---------- Supplied material ----------

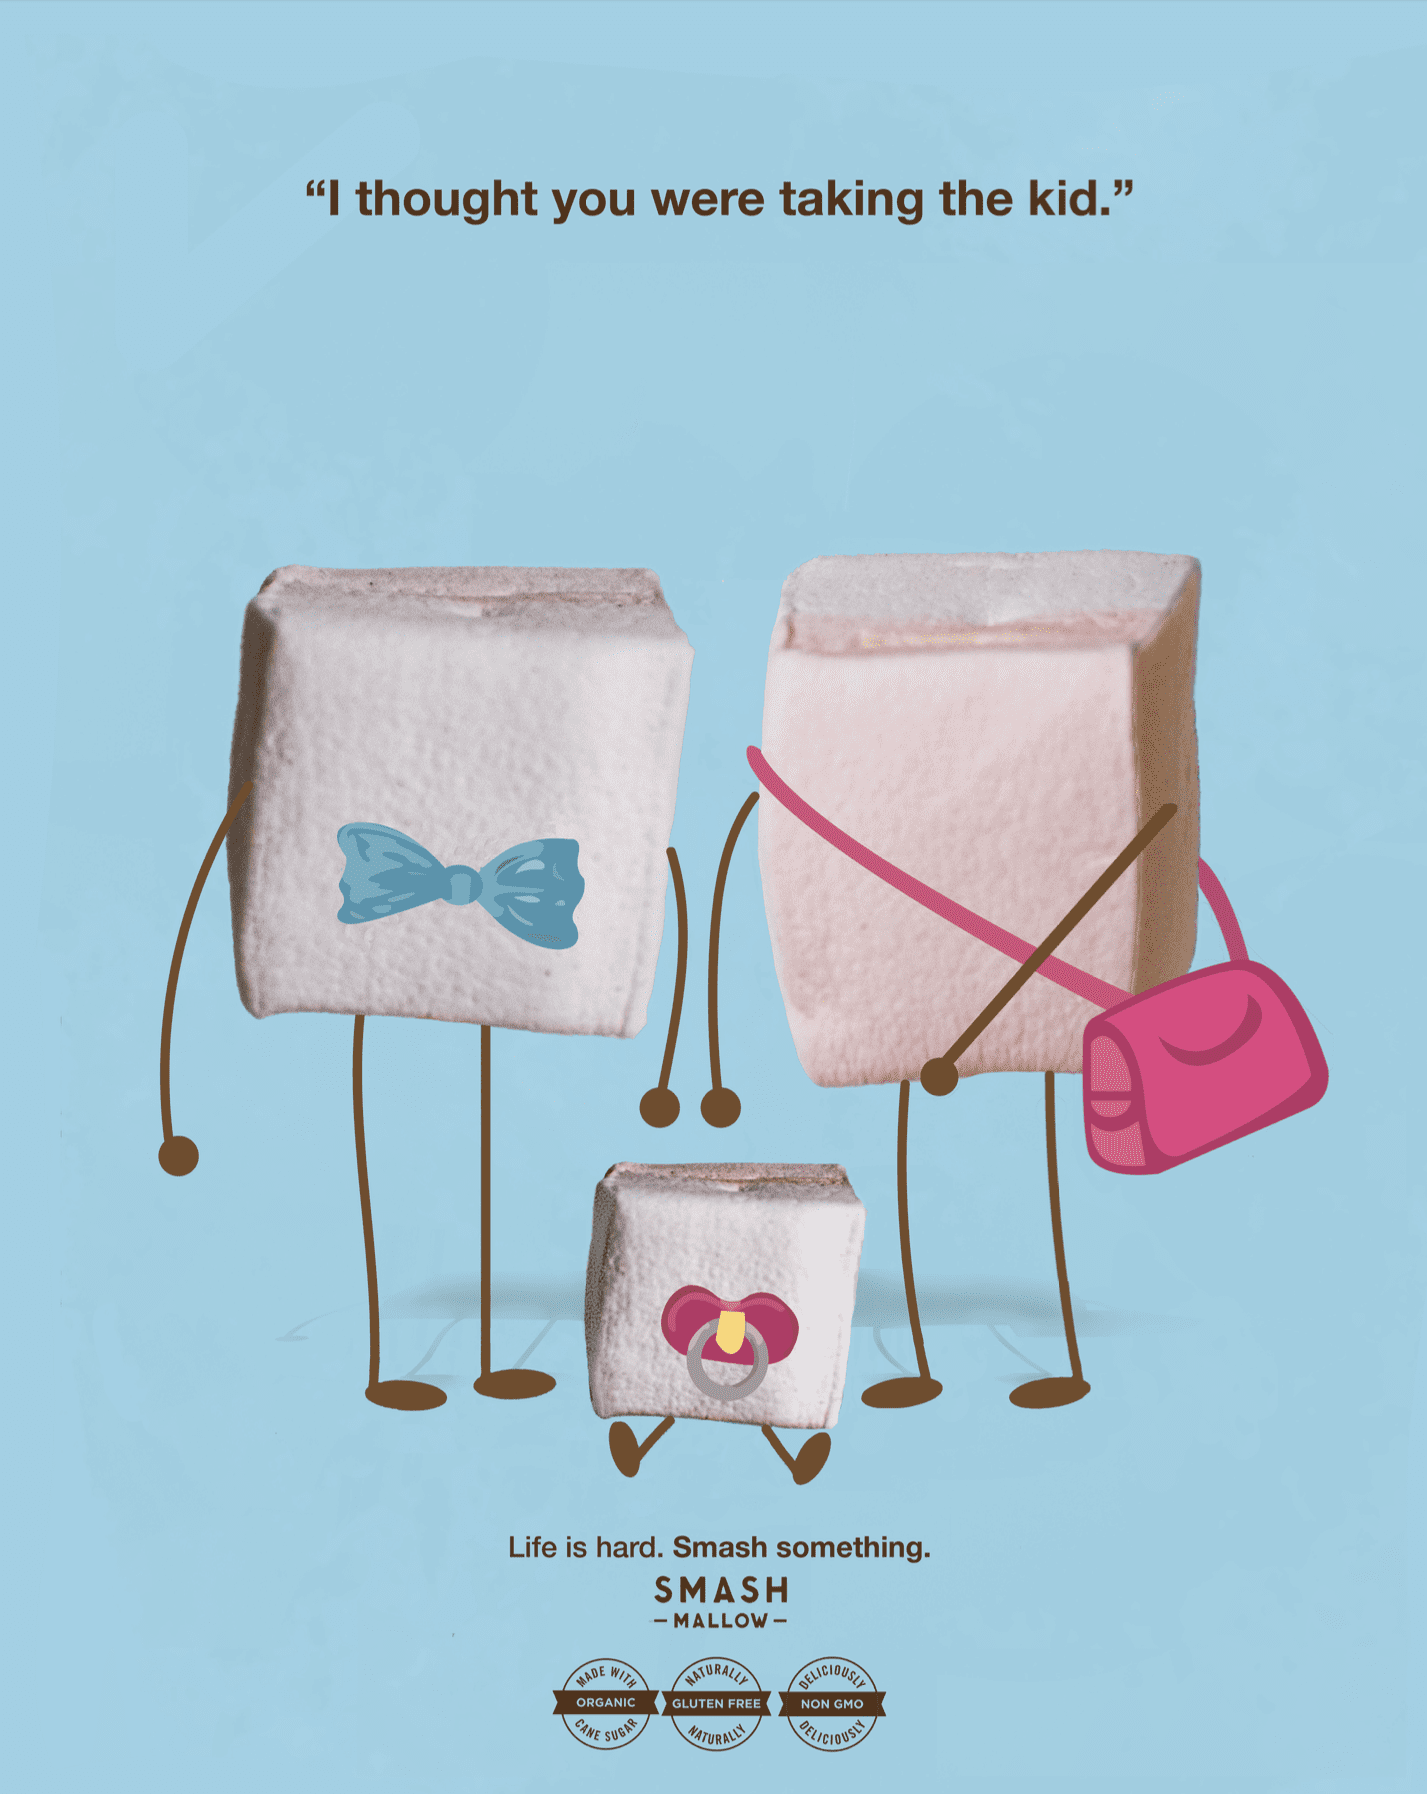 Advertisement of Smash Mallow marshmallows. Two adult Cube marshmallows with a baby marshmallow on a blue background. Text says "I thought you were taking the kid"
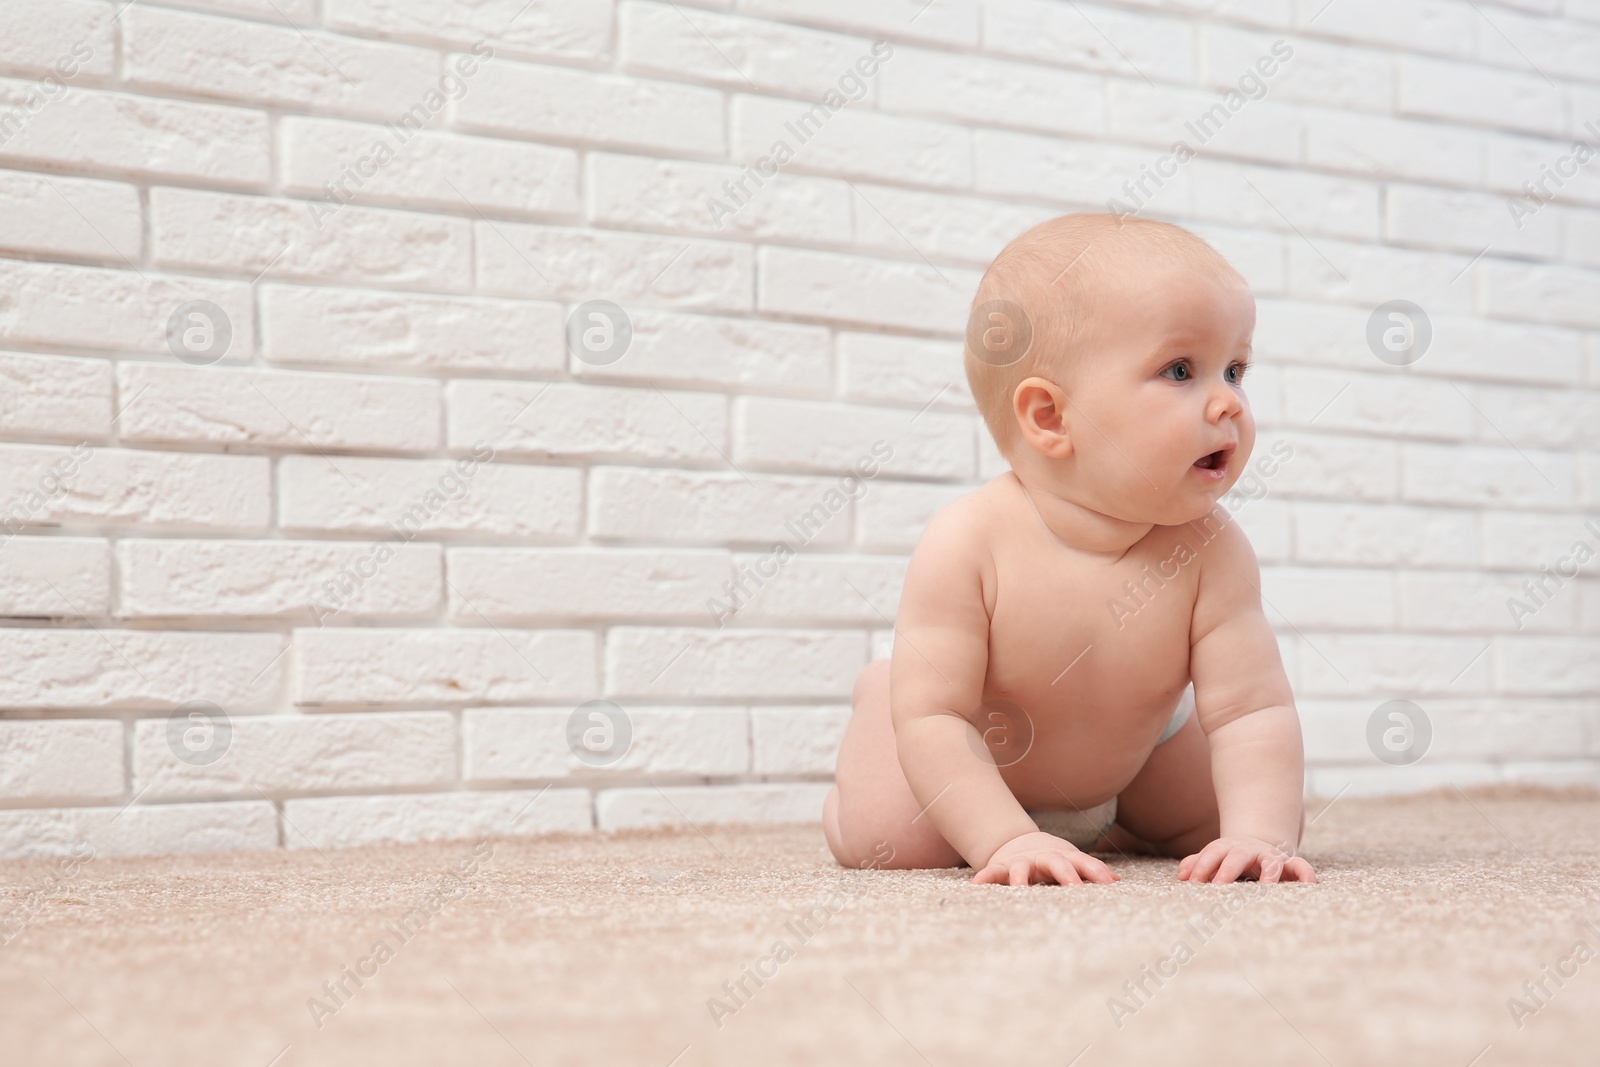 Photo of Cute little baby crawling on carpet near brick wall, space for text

----------
---------- Supplied material ----------

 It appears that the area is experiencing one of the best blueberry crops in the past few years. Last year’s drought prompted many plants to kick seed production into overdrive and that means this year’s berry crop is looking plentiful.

----------
---------- Supplied material ----------

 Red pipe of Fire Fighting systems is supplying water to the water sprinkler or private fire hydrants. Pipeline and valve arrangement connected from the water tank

----------

Give back, exactly and without pictures, the stretch of the records above from the line containing "Advertisement of Smash" through the line containing "Photo of Cute", with both end lines included.

# Completed task:
 Advertisement of Smash Mallow marshmallows. Two adult Cube marshmallows with a baby marshmallow on a blue background. Text says "I thought you were taking the kid"
 Photo of Cute little baby crawling on carpet near brick wall, space for text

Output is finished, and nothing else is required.